Description of the task
Pictures must not appear in the copy. Set down exactly the line with "Foam Balance beam" and each line after it through the end of the data below.
=== Data for this exercise ===
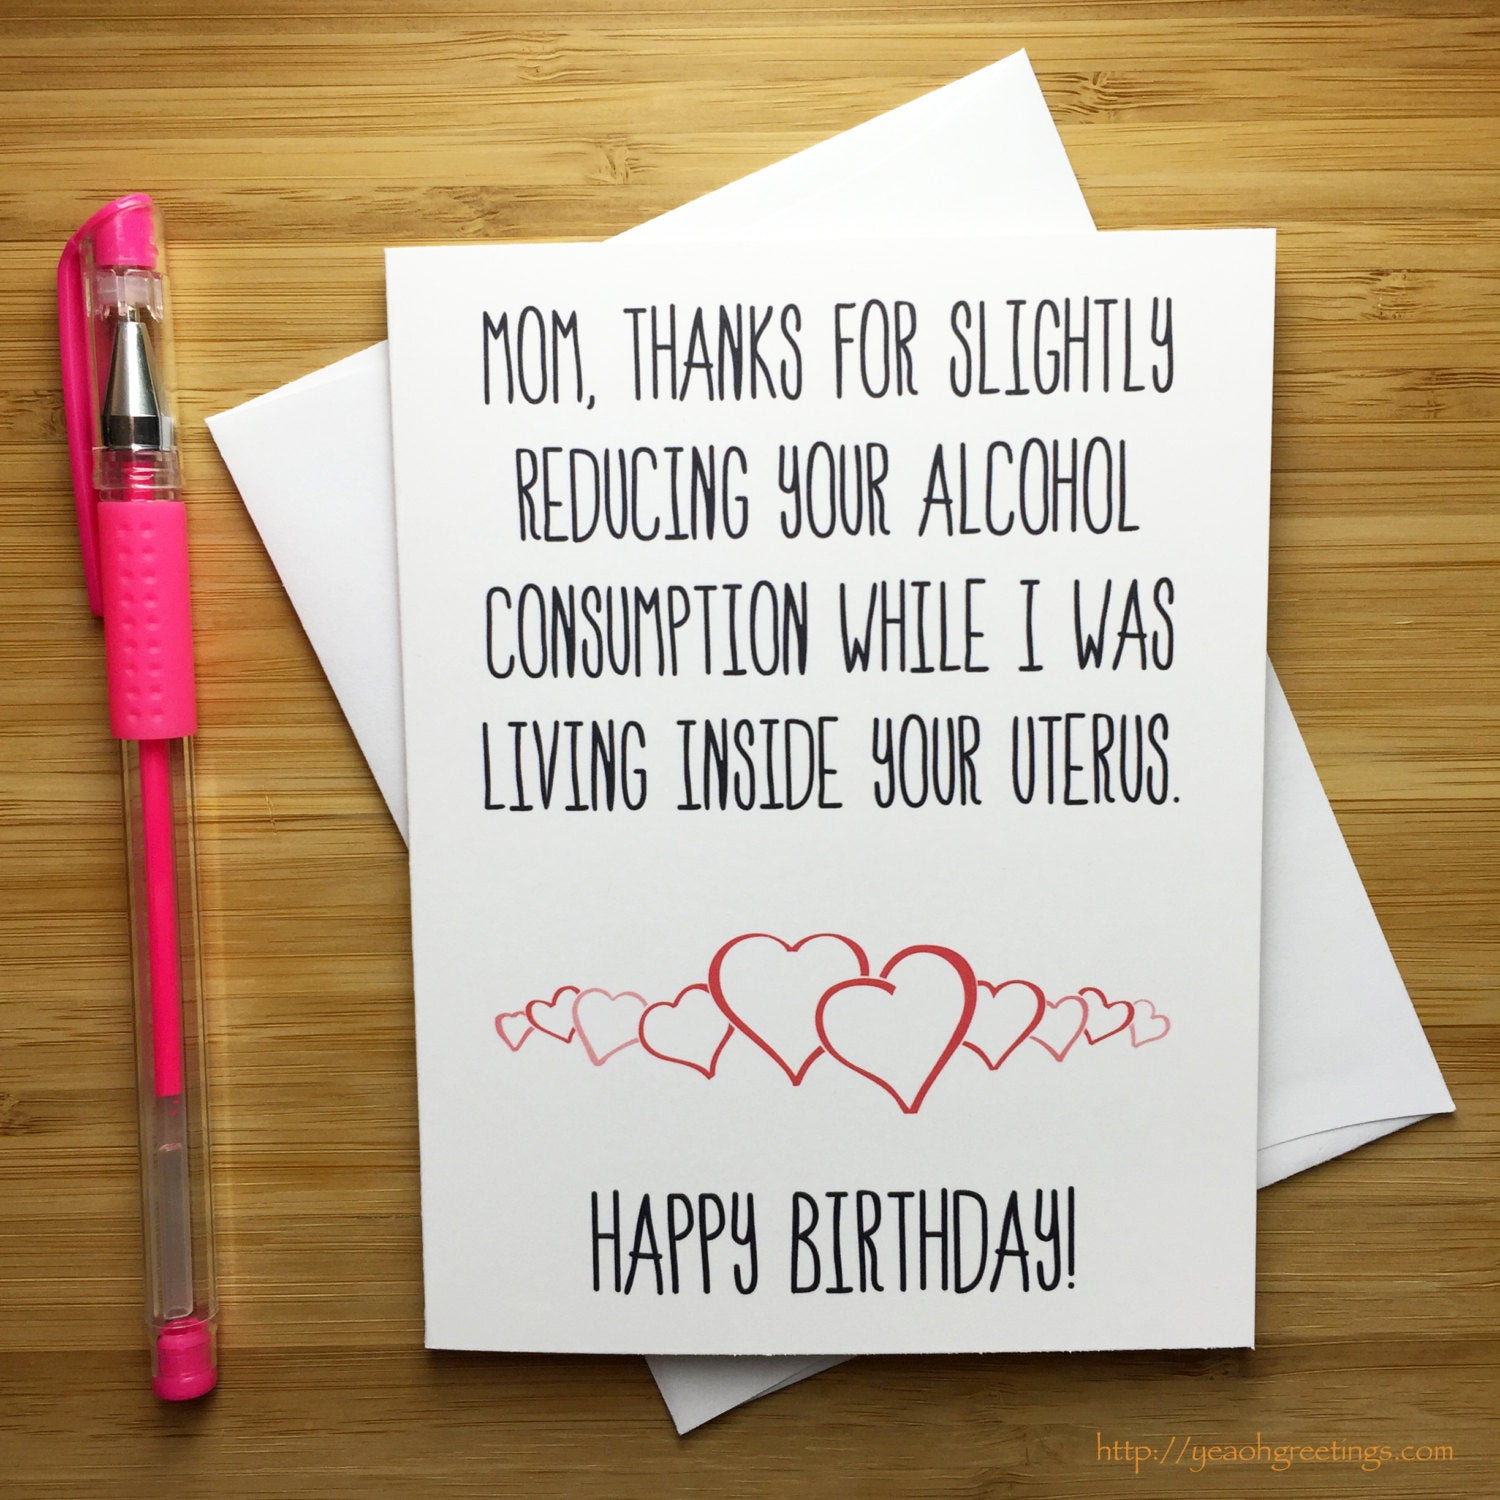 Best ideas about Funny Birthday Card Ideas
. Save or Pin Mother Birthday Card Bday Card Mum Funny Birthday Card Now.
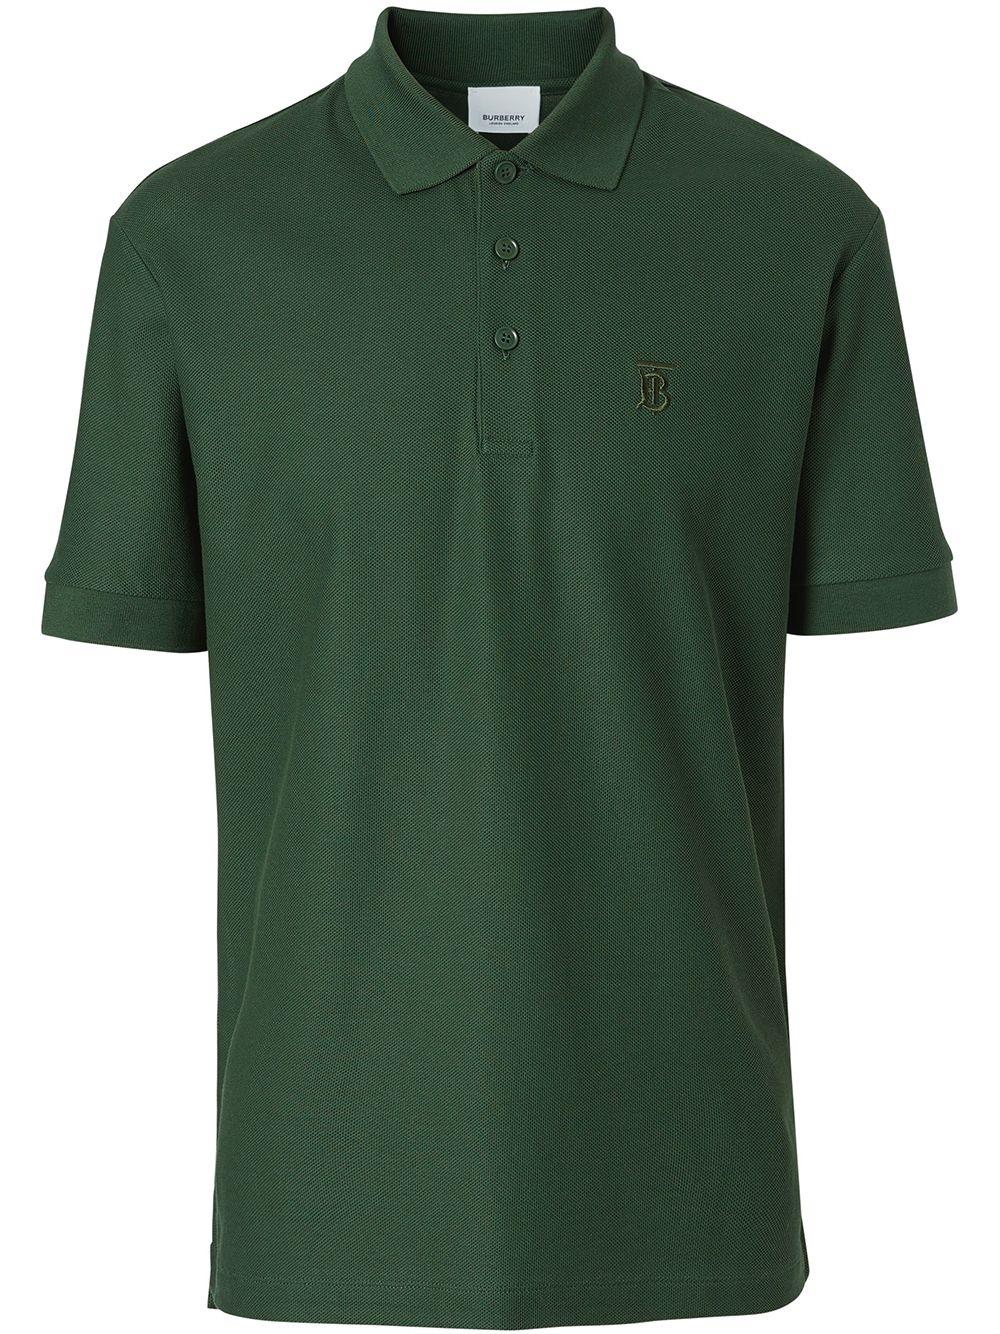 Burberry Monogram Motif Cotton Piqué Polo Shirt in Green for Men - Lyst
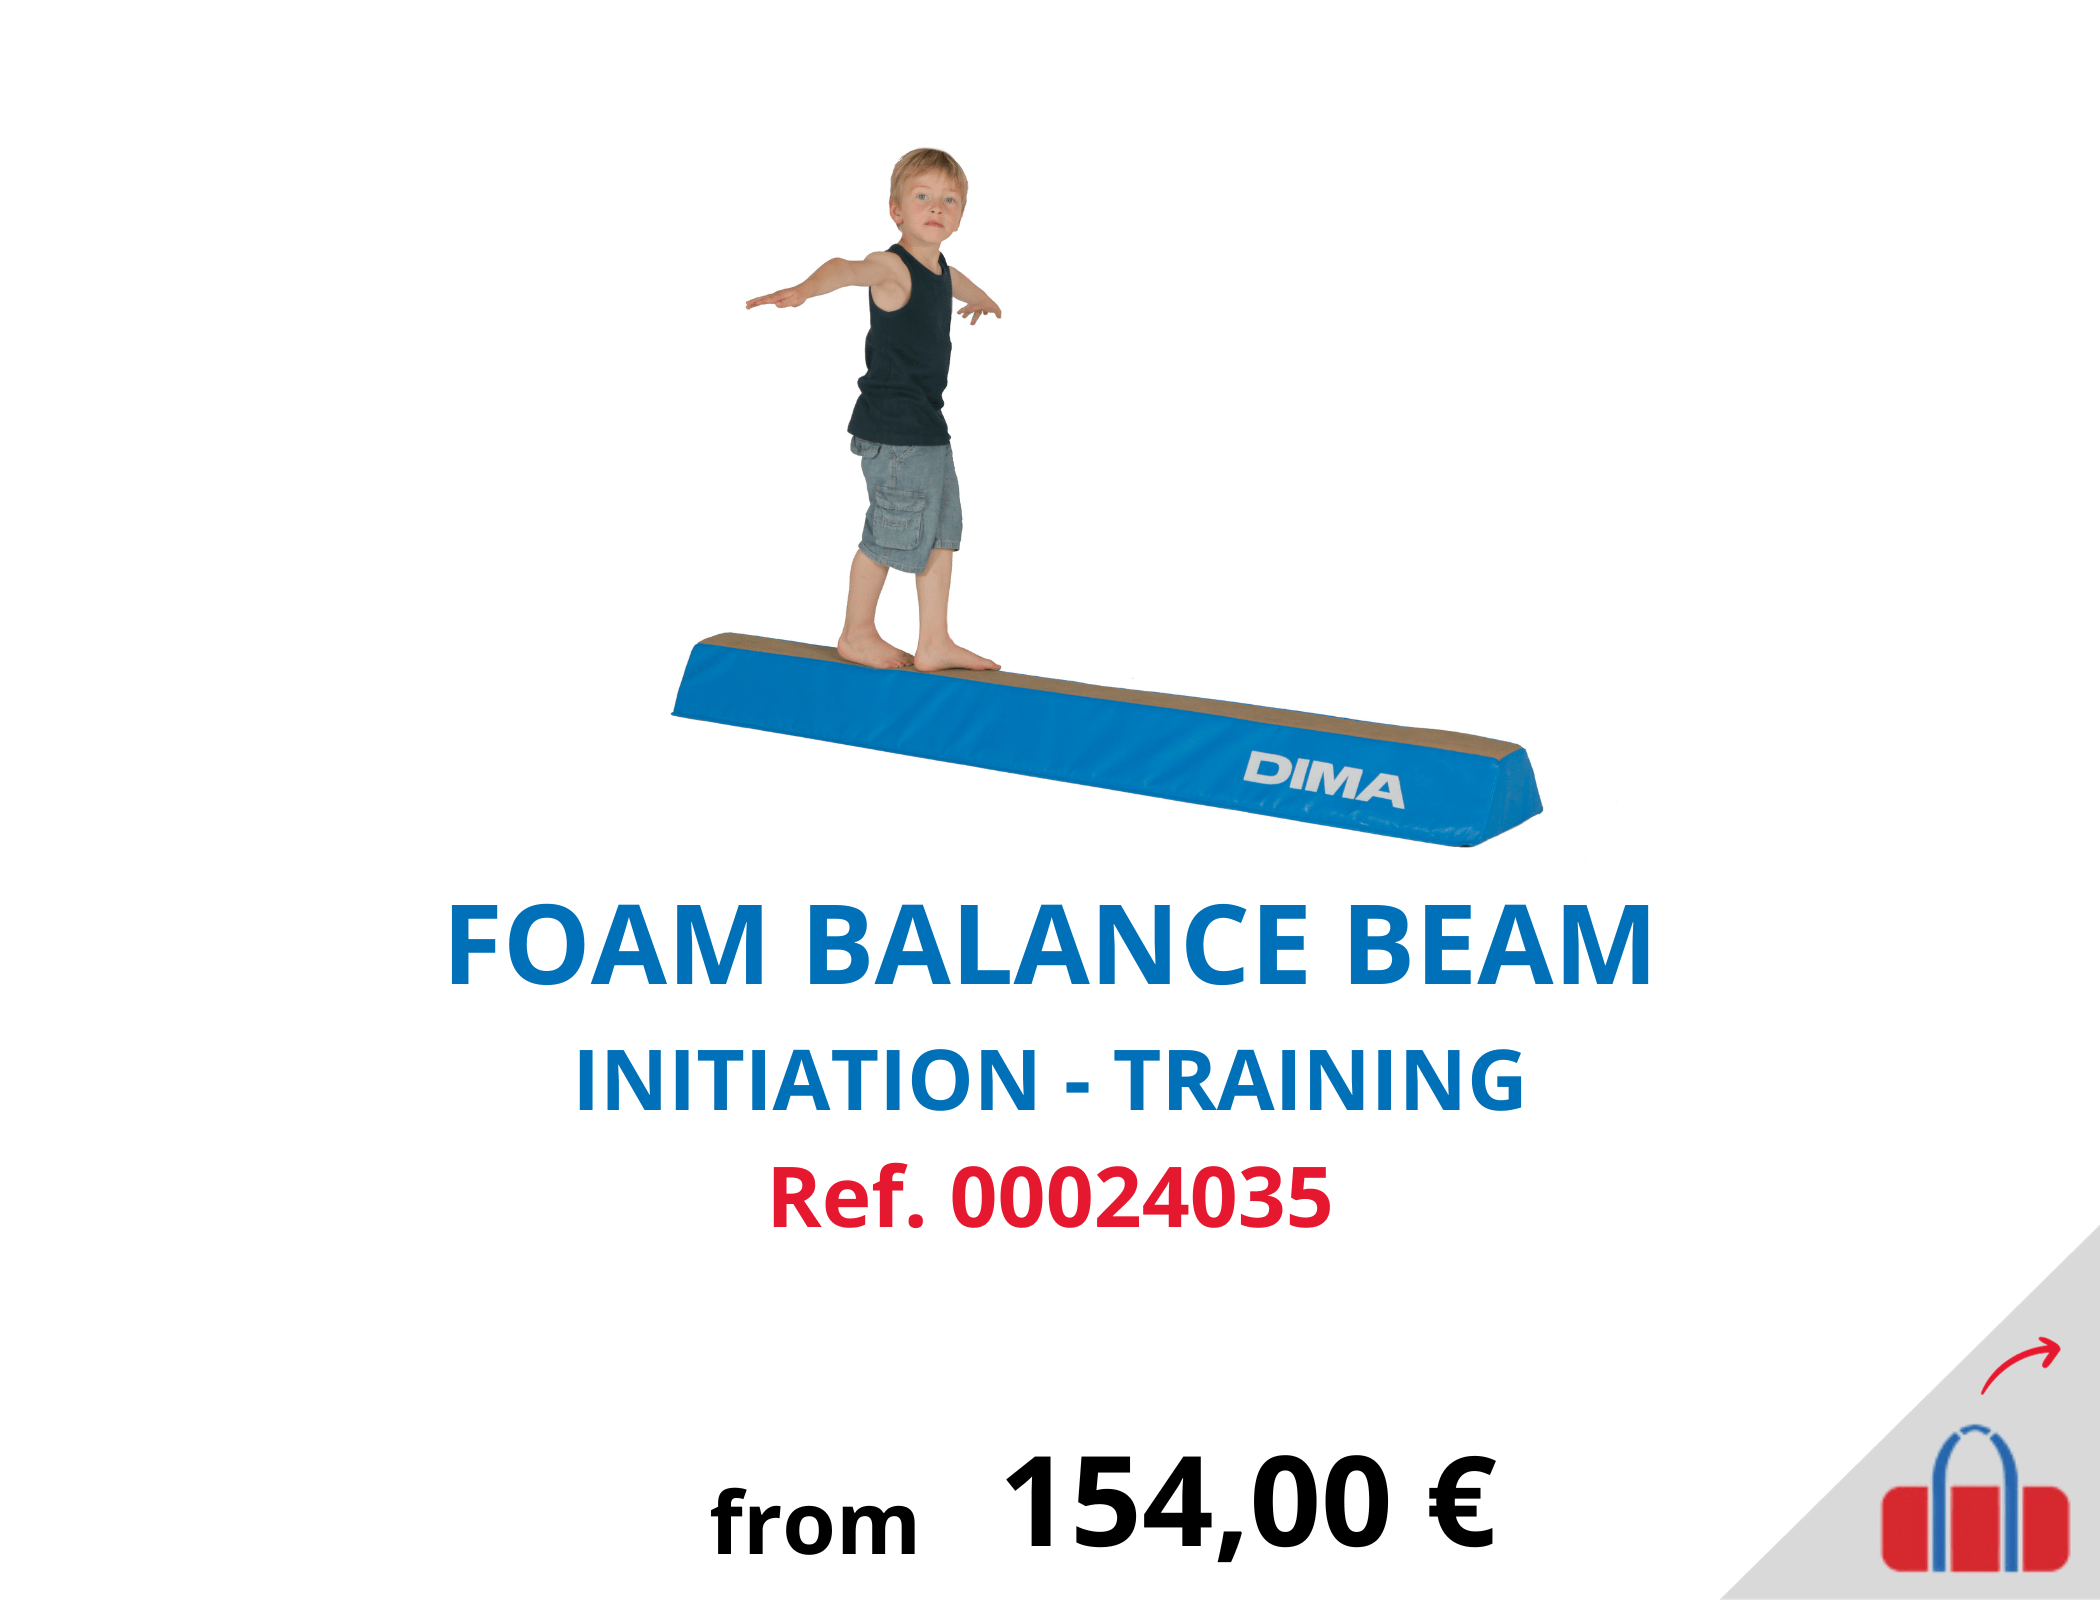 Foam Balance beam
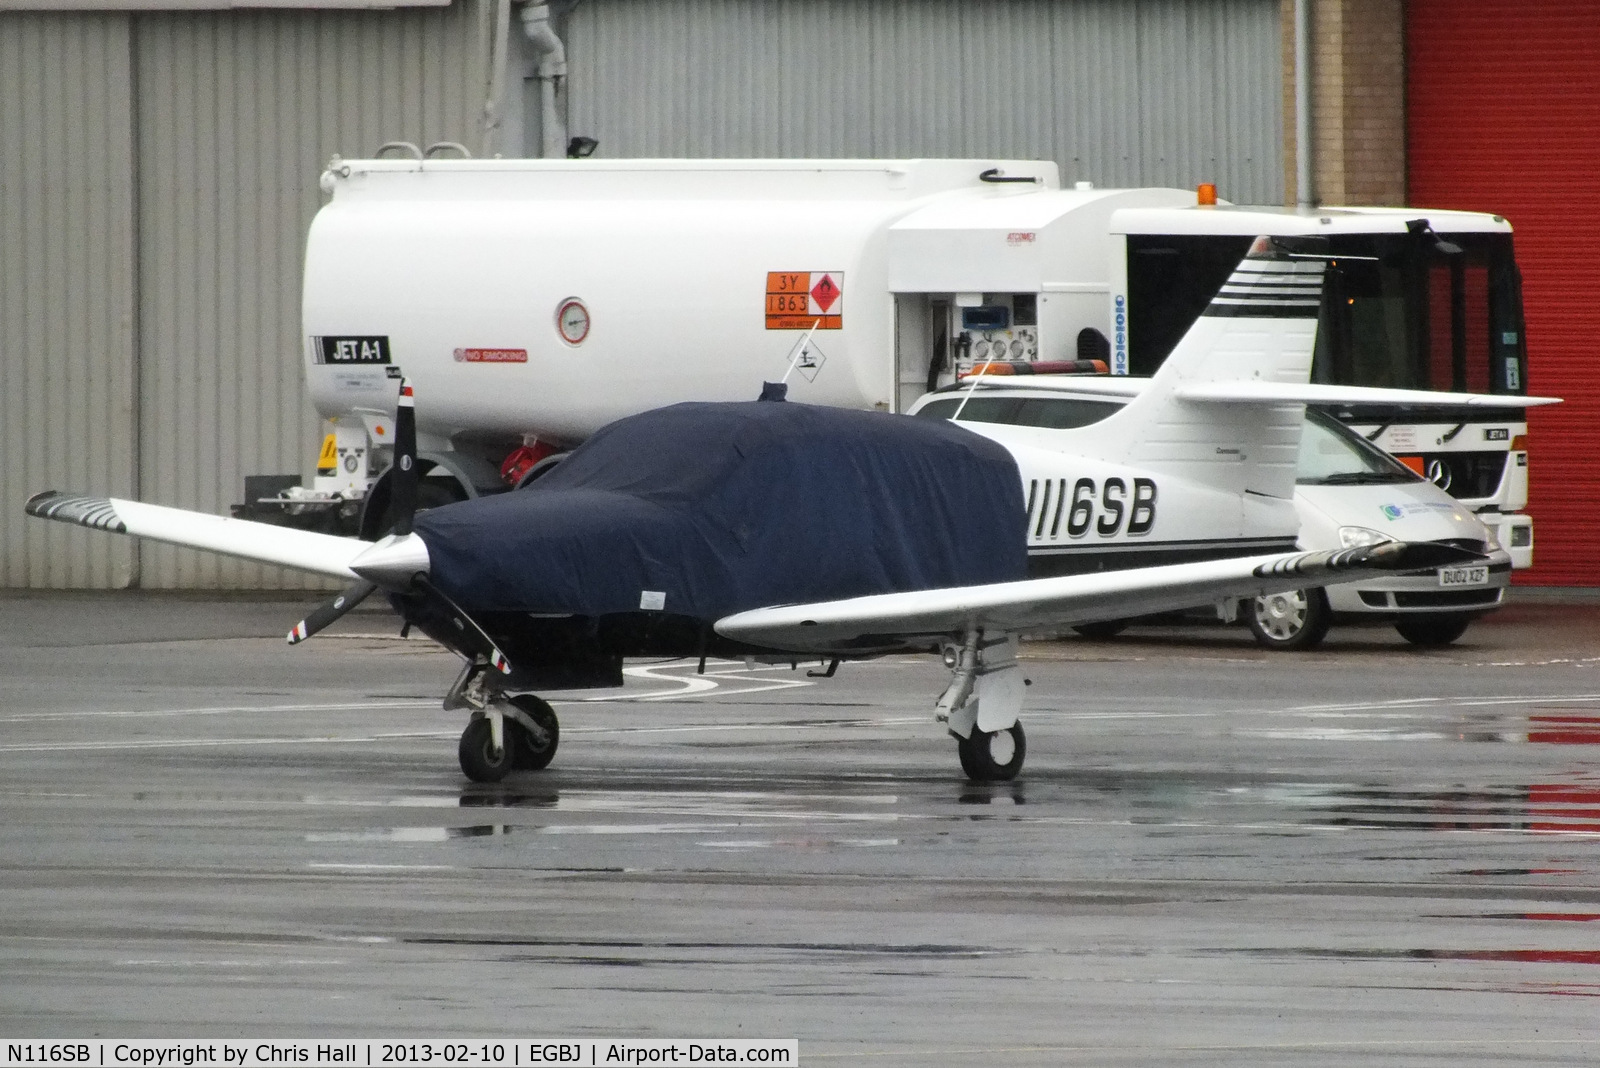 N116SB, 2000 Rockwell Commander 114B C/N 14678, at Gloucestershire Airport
===
Output of the exercise
 Foam Balance beam
 N116SB, 2000 Rockwell Commander 114B C/N 14678, at Gloucestershire Airport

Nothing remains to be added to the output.